11

I'm calculating intersection of 2 sets of sorted numbers in a time-critical part of my application. This calculation is the biggest bottleneck of the whole application so I need to speed it up.

I've tried a bunch of simple options and am currently using this:

foreach (var index in firstSet)
{
    if (secondSet.BinarySearch(index) < 0)
        continue;

    //do stuff
}

Both firstSet and secondSet are of type List.

I've also tried using LINQ:

var intersection = firstSet.Where(t => secondSet.BinarySearch(t) >= 0).ToList();

and then looping through intersection.

But as both of these sets are sorted I feel there's a better way to do it. Note that I can't remove items from sets to make them smaller. Both sets usually consist of about 50 items each.

Please help me guys as I don't have a lot of time to get this thing done. Thanks.

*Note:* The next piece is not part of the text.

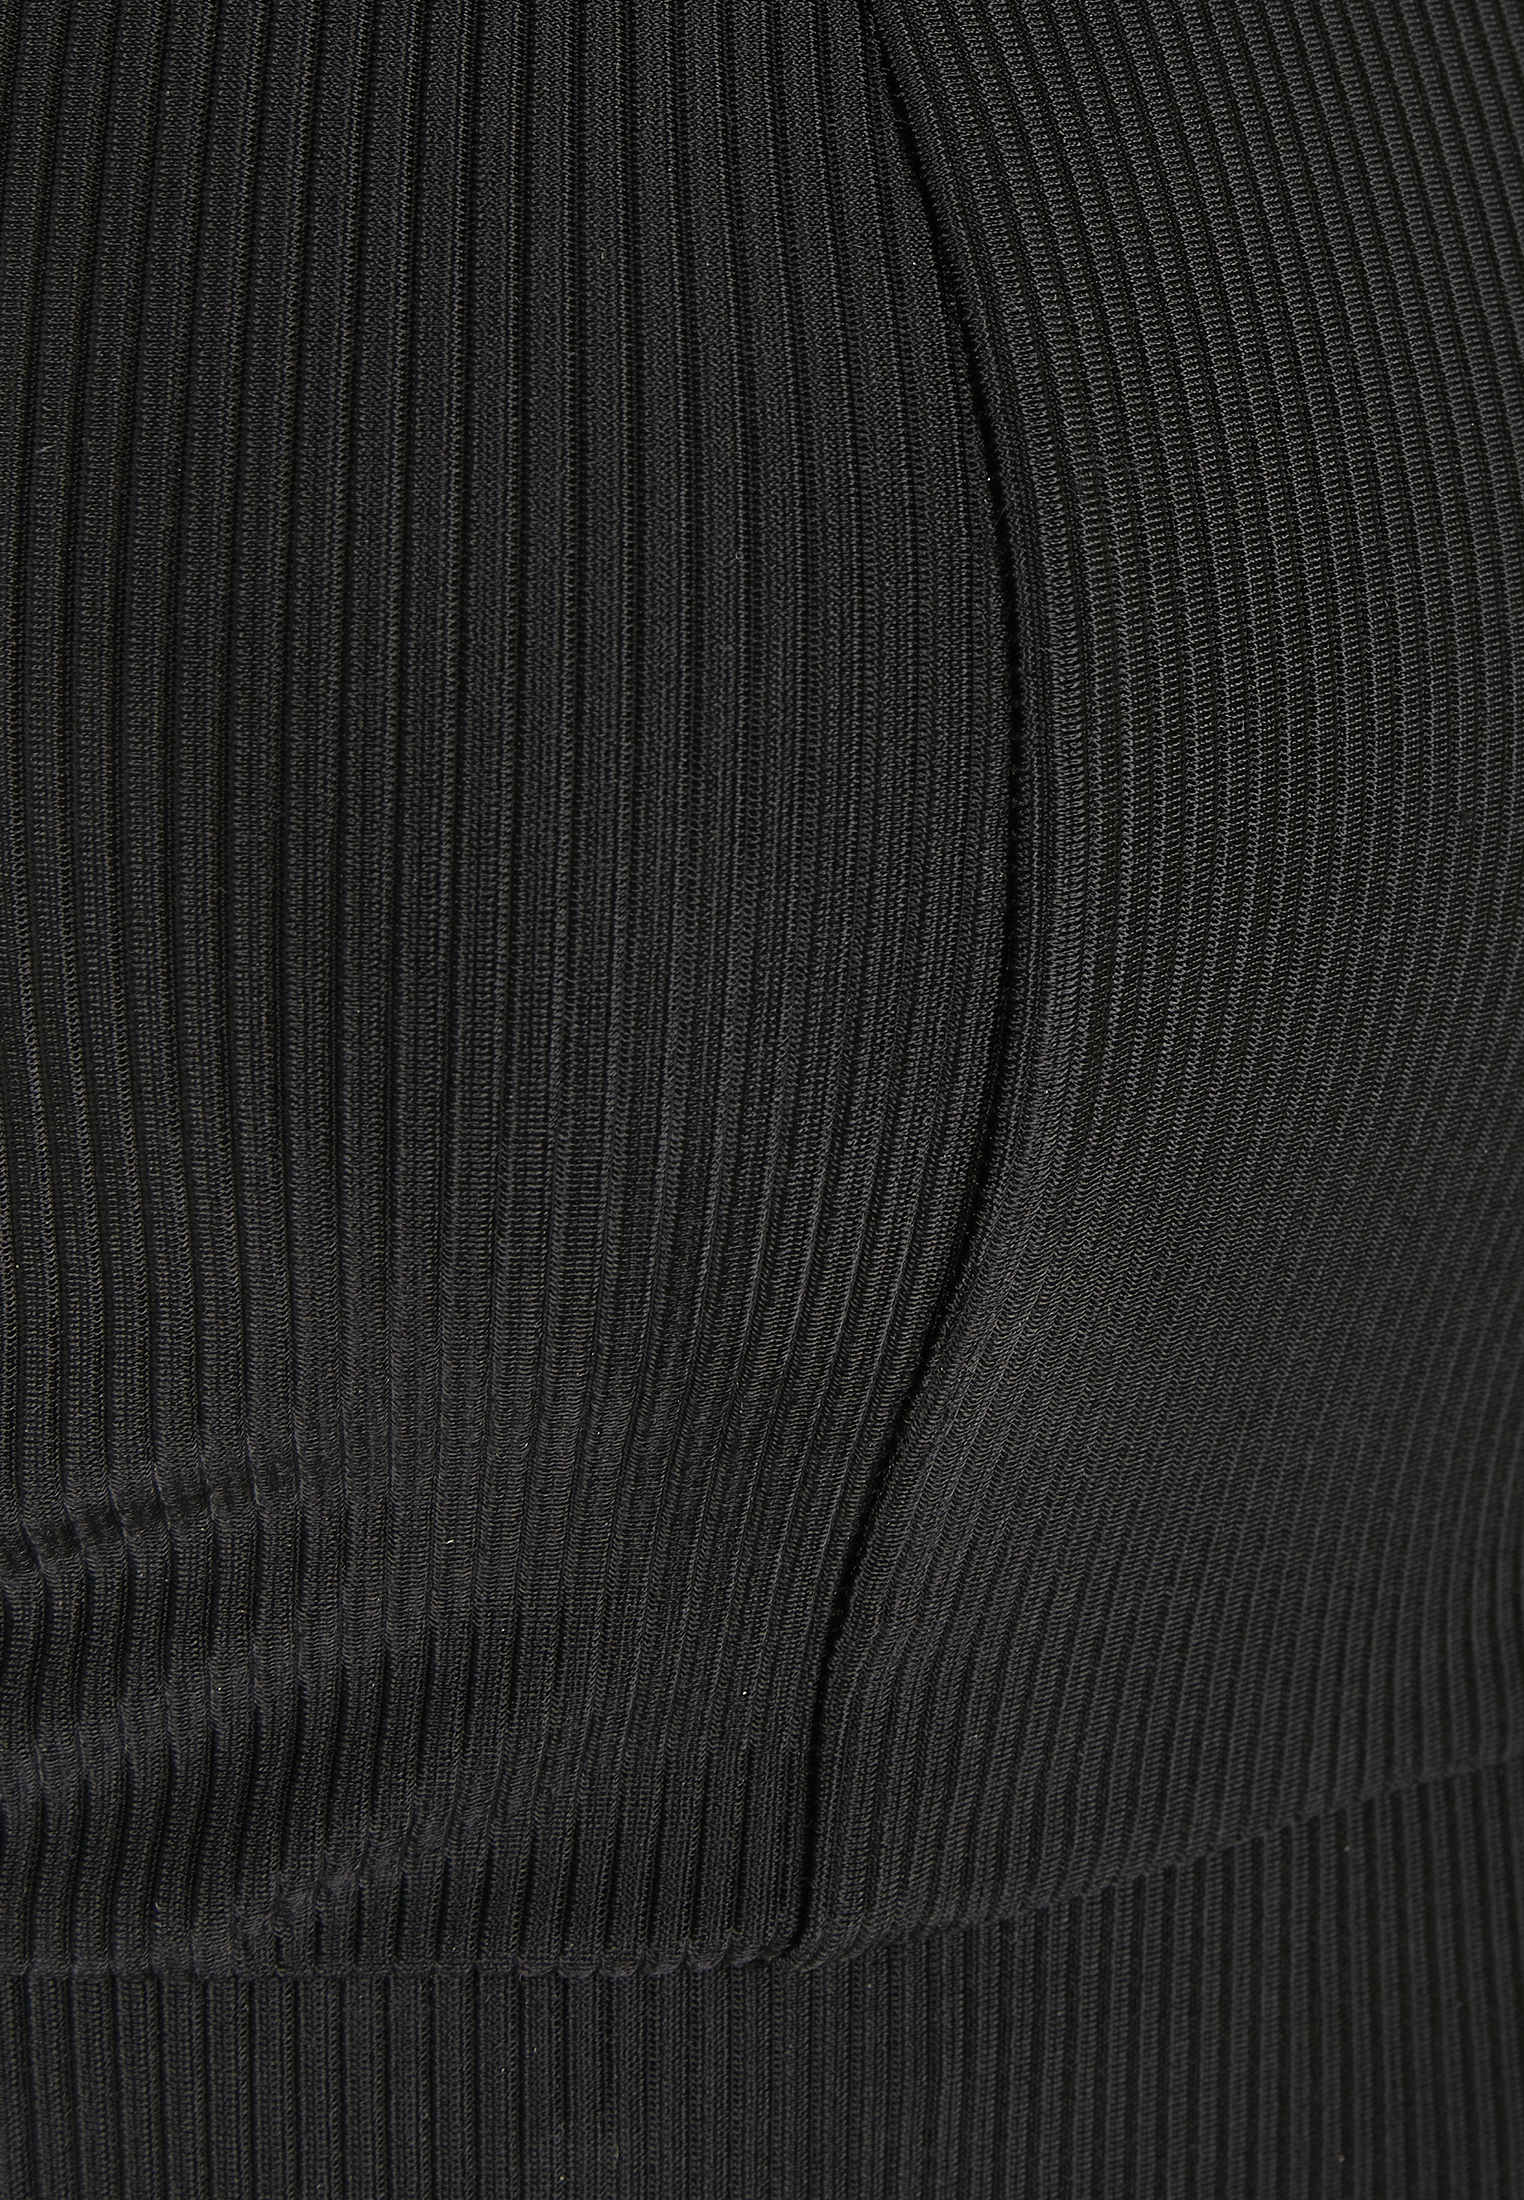 Tops & Tanks Ladies Cropped Shiny Rib Top in Farbe black

NOTE: I'm doing this about 5.3 million times. So every microsecond counts.

gligoran
  • 3,019
  • 3
  • 28
  • 42
  • Decided to create the **UNION** question, considering that's what I implemented: http://stackoverflow.com/questions/7165152/c-fastest-union-of-2-sets-of-sorted-values – Jonathan Dickinson Aug 23 '11 at 17:35

5 Answers5

27

If you have two sets which are both sorted, you can implement a faster intersection than anything provided out of the box with LINQ.

Basically, keep two IEnumerator<T> cursors open, one for each set. At any point, advance whichever has the smaller value. If they match at any point, advance them both, and so on until you reach the end of either iterator.

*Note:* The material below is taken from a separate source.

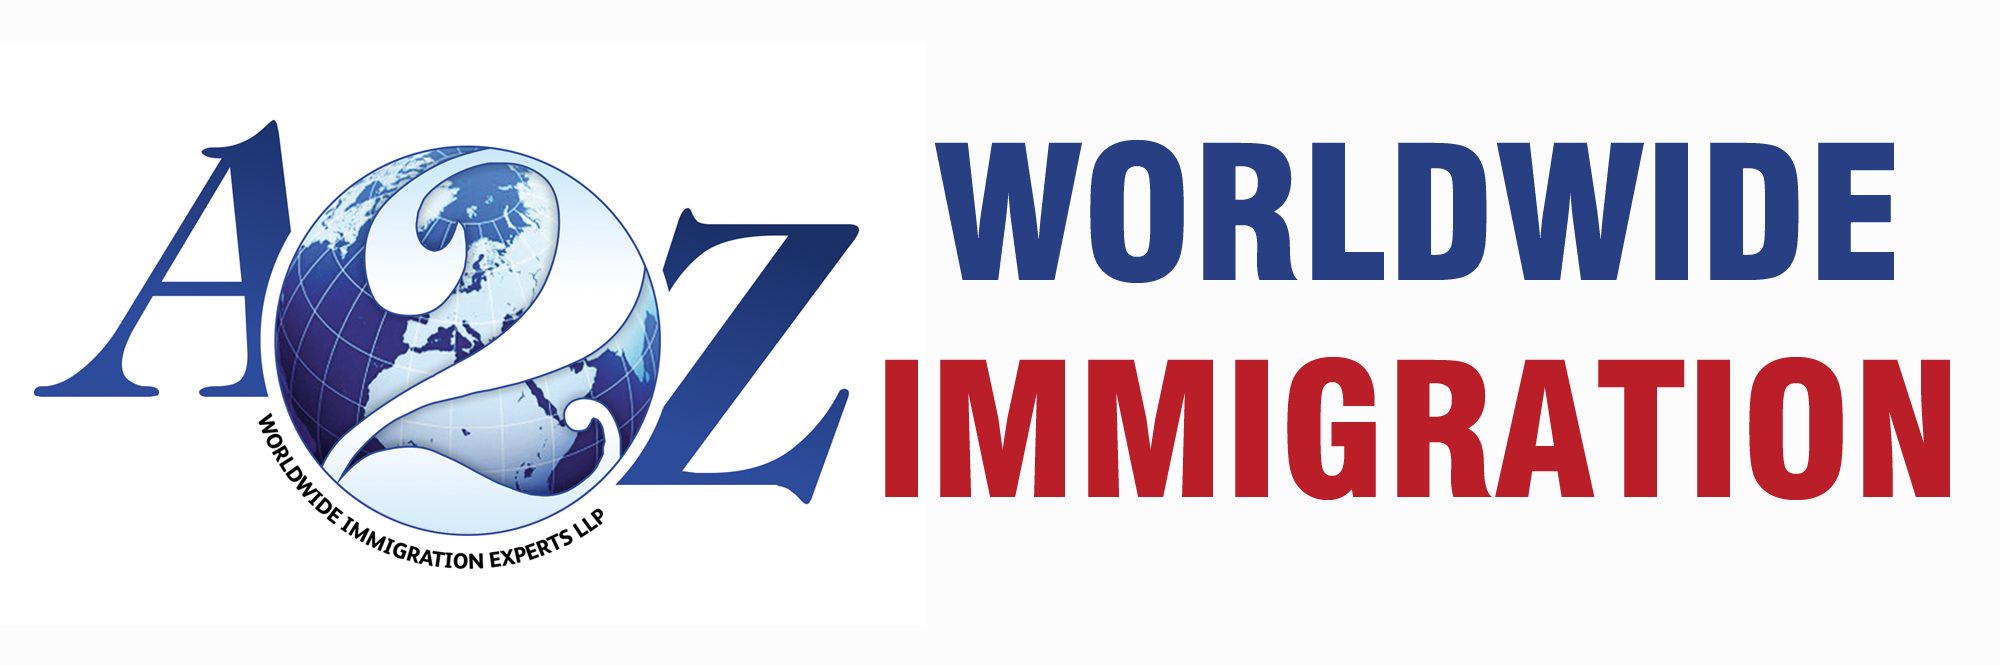 A2Z Worldwide Immigration

The nice thing about this is that you only need to iterate over each set once, and you can do it in O(1) memory.

Here's a sample implementation - untested, but it does compile :) It assumes that both of the incoming sequences are duplicate-free and sorted, both according to the comparer provided (pass in Comparer<T>.Default):

(There's more text at the end of the answer!)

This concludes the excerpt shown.